Boyte and Kari add a thoughtful perspective to contemporary debates over the problems facing democracies and attempts to build stronger communities. Other analysts have pointed to the importance of civic associations, religious organizations, and strong neighborhood and family structures. This volume argues that alongside these vehicles for socialization, collective identification, commitment, and social action, the workplace offers one of the most vital forums for the creation of social capital. Work enjoys a position of honor in the American psyche, and so efforts to effect change through “honest labor” are particularly welcome in this country. It has been through the workplace, Boyte and Kari argue, that Americans of all classes most often have had reason to engage in collective effort, have invested in that effort, and, consequently, have had the opportunity to forge collective identity.

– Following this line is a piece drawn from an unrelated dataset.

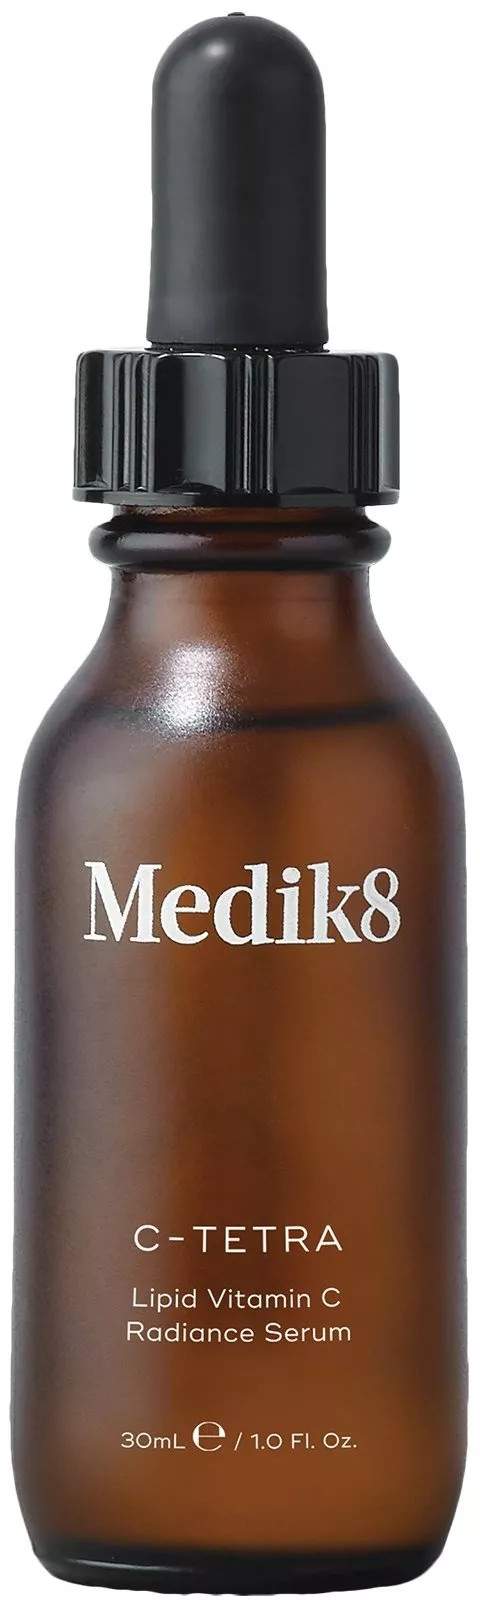 Medik8 Pleťové sérum s vitamínem C C-Tetra (Radiance Serum) 30 ml

The argument bears powerful implications for both the success and the reception of reform movements in American history. In an eminently readable fashion, the book focuses on three aspects of the historical relationship between work and populist reform movements. First, it identifies the ways in which work and the workplace have been employed in reform efforts to improve the lives of poor and working-class Americans. The Civilian Conservation Corps of the New Deal is one of the most telling examples of such an attempt—with Roosevelt’s “Tree Army” conceived as an opportunity for the poor to work their way out of the Depression.
Second, the authors discuss the capacity of work and of the workplace to create a “public culture” democratizing the American populace, with the beliefs and prejudices of individuals thrust against those of their neighbors. Though not explicitly discussed here, this argument hearkens to the findings of political science classics such as the American Voter , and Participation in America , which also found the workplace to be critical for American political socialization. As Boyte and Kari explain, the public culture created through work allows for the creation of “public spaces” which cross “boundaries of community, ethnicity, and particular cultural ties. They create settings where people with quite diverse interests interact and form bases for power with which to address common problems” (p. 81).
Third, the book demonstrates that, running counter to the historically democratizing features
of the American workplace, there has been a parallel and conflicting notion of work and, indeed, of society, bettered by technology and steered by experts and professionals. Lost in this vision of a “professionally run society” (p. 111), Boyte and Kari argue, is precisely the democratic, collective, and process-driven value of work itself. In the tension between these two visions of the promise of the workplace, the authors see the emergence and decline of historical social reform efforts.
To support their arguments, Boyte and Kari bring forward a sweeping and fascinating range of historical examples. Particularly compelling are their discussions of the efforts of educator Liberty Hyde Bailey, and social reformer Jane Addams, both of whom were committed to the democratizing potential of work and of the public space that work fostered.
One difficulty that I have with the argument concerns the breadth of the notion of “public work,” which underlies the investigation. Public work, the authors explain, includes not only work with public purposes, but also work by a public, work in public settings, as well as the products of work (p. 202). In this discussion, the public dimension of work includes not only diverse groups acting together, but also “open, visible and accessible space” and, “broad purposes of general importance,” such as the public interest (pp. 12-13).
I think the inclusiveness of this notion presents a problem for the analytical strength of the argument. Armed with this definition, it is difficult, for example, to differentiate between the workplace and other organizations concerned with collective identity. As the authors note, the capacity to create public spaces certainly extends beyond the traditional workplace to include “labor unions, political parties, and the YMCA” as well as the “NAACP, women’s suffrage groups, and other organizations for reform” (p. 81).
Where the argument focuses on the relationship between work and reform (e.g., early efforts in the development of the agricultural extension system), public work appears to occur in a fairly distinct subset of workplaces which are structured to encourage the involvement of workers with each other and with management. In these examples, public work appears to extend beyond shop-floor management, and engenders the social and political engagement of workers. In certain examples, the development of this engagement appears organic, in other examples it appears to be the result of careful nurturing.
The range of initiatives discussed in Building Democracy , however, makes it difficult to identify the critical dimensions of public work. An example of this confusion is the chapter devoted to a citizen effort to revitalize the Baltimore school system. The organization created (Baltimoreans United in Leadership Development, or BUILD) is fascinating, and its successes are enviable. But we are left to wonder what makes the BUILD initiative public work rather than a social movement. The authors do not make this clear.
More than anything else, these concerns reflect the broad sweep of the argument and highlight the importance of pursuing the research agenda begun in this volume. The next steps in that agenda might include investigating the historical, social, and political conditions under which public work will emerge and flourish and the conditions under which it will be overrun by elite-driven, hierarchical workplace organiza-tions. Second, this agenda calls for comparative investigations, looking at the democratizing role of work both cross-nationally and, increasingly, transnationally, as multi-national corporations and international political regimes increasingly define the global economy.
Ultimately, Boyte and Kari have made an impressive contribution to our understanding of the role of work in the emergence and development of social reform movements in the United States. I highly recommend the work to all audiences.